__Work item__. The records follow. Copy each one exactly.

__Exercise material__.
########

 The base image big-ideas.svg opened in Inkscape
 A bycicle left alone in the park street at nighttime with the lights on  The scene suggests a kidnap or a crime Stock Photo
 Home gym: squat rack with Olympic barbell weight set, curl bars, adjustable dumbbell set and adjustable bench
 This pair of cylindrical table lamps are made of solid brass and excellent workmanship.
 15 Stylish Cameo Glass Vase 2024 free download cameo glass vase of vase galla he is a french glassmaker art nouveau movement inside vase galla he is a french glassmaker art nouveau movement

########

__Solution for this task__.
 The base image big-ideas.svg opened in Inkscape
 A bycicle left alone in the park street at nighttime with the lights on  The scene suggests a kidnap or a crime Stock Photo
 Home gym: squat rack with Olympic barbell weight set, curl bars, adjustable dumbbell set and adjustable bench
 This pair of cylindrical table lamps are made of solid brass and excellent workmanship.
 15 Stylish Cameo Glass Vase 2024 free download cameo glass vase of vase galla he is a french glassmaker art nouveau movement inside vase galla he is a french glassmaker art nouveau movement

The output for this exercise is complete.